◆ Supplied material
[Start of section]

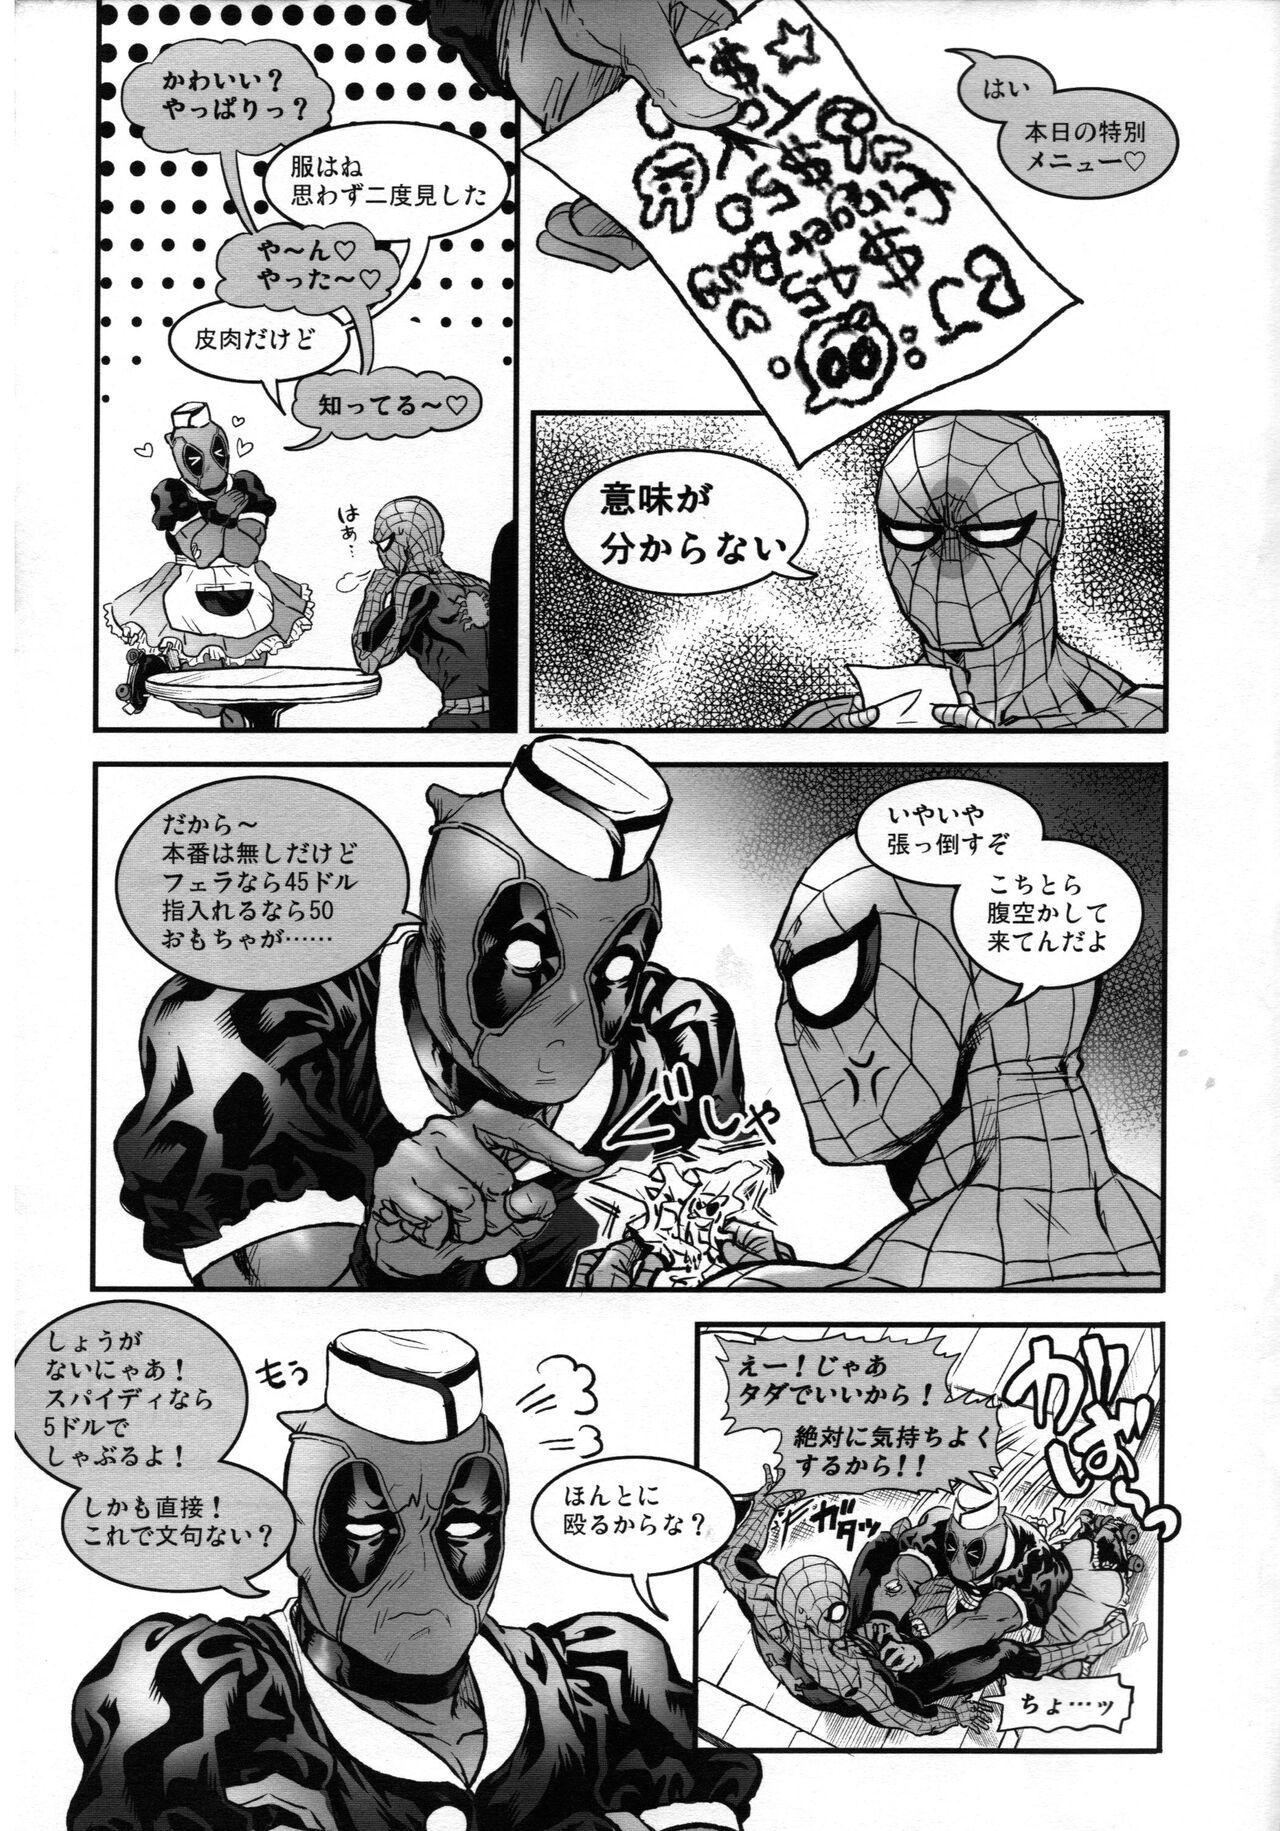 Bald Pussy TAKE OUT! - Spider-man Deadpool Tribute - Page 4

[End of section]
[Start of section]

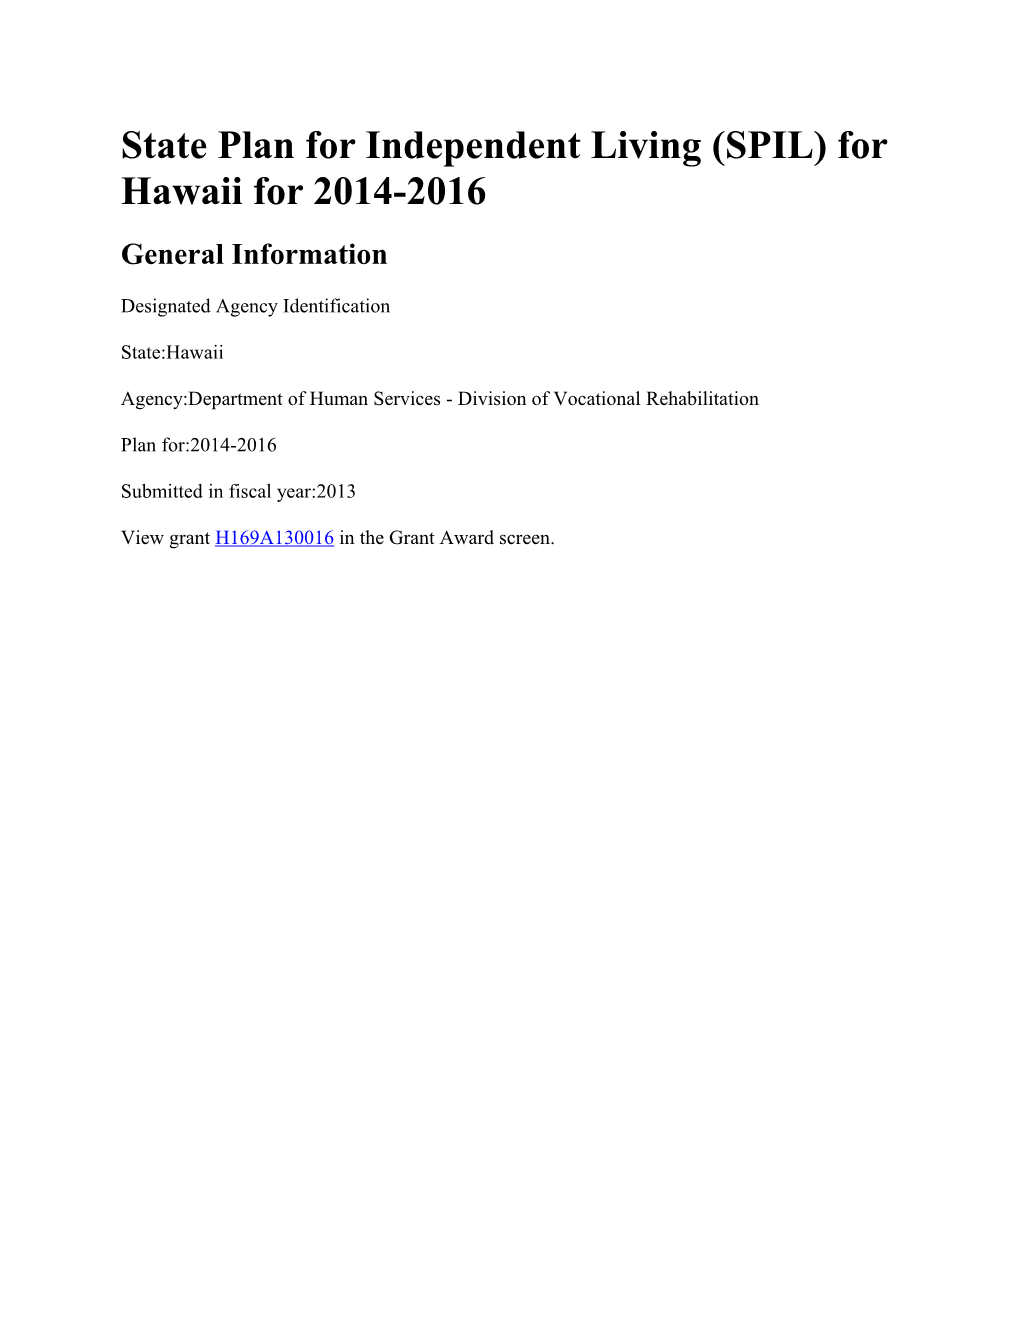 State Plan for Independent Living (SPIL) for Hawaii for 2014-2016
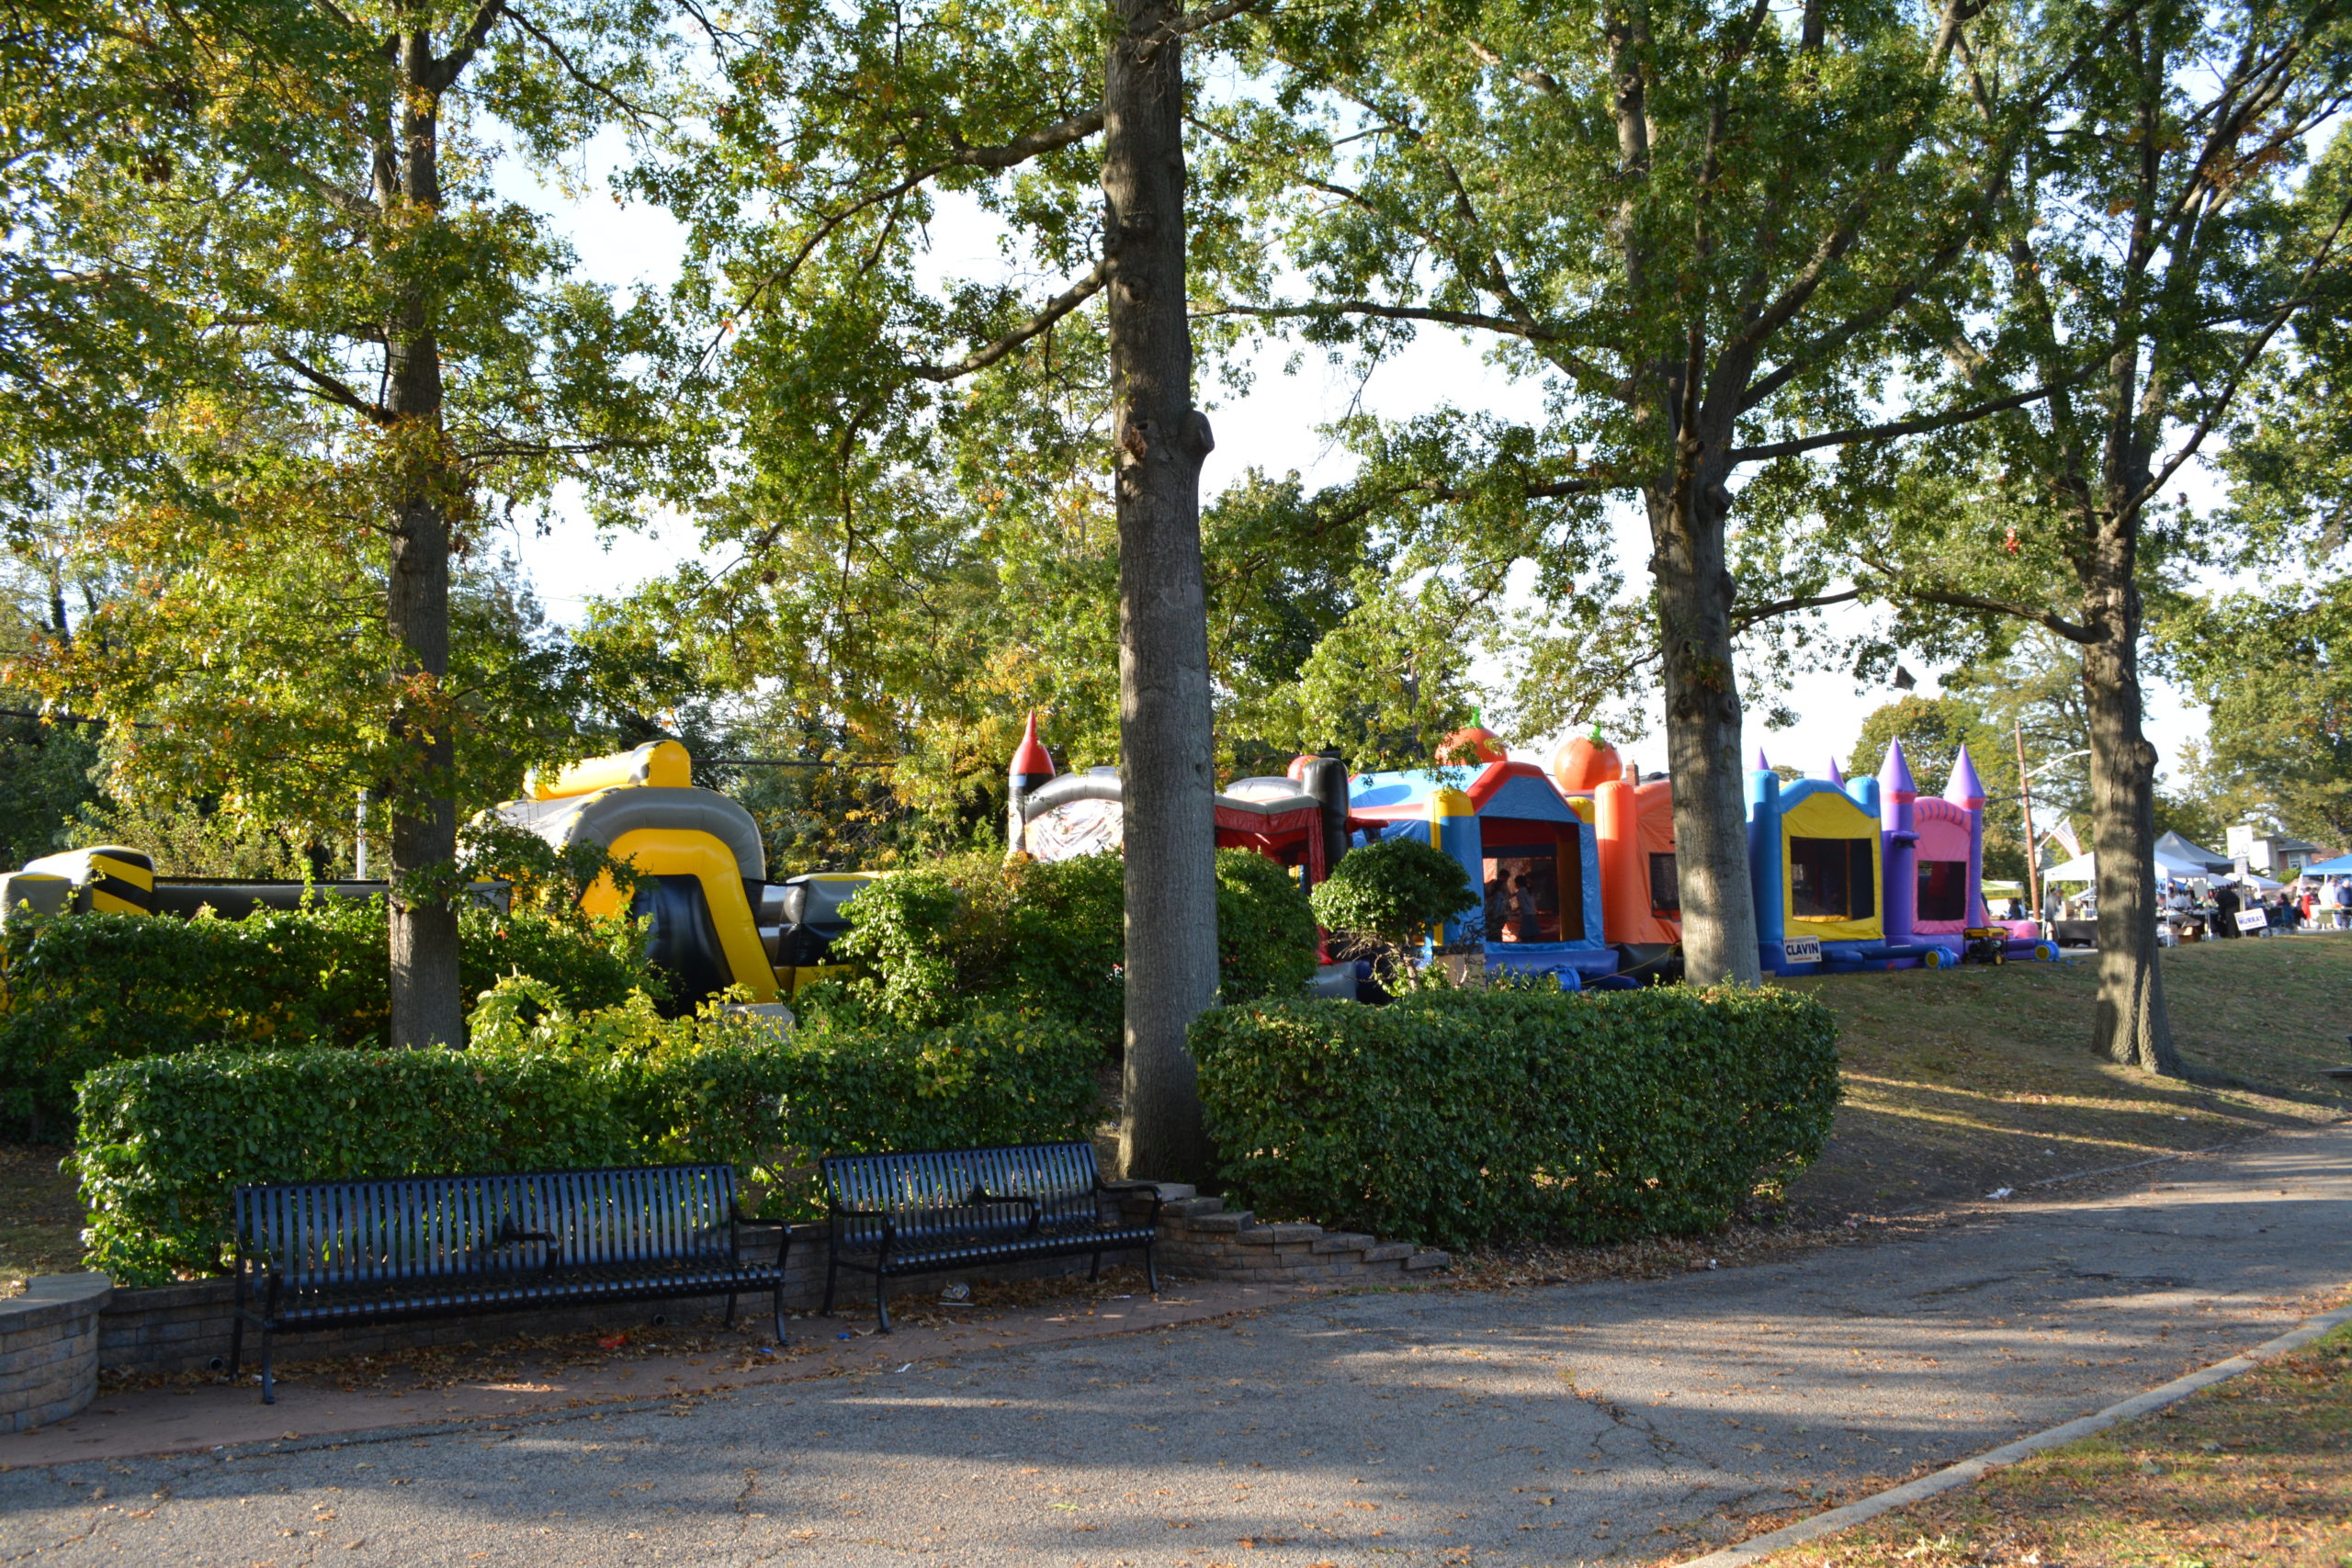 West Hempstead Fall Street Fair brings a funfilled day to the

[End of section]

◆ Task
The output is the stretch above from the line with "State Plan for" through the line with "West Hempstead Fall", copied word for word with both ends kept and every picture dropped.

◆ Result of this exercise
 State Plan for Independent Living (SPIL) for Hawaii for 2014-2016
 West Hempstead Fall Street Fair brings a funfilled day to the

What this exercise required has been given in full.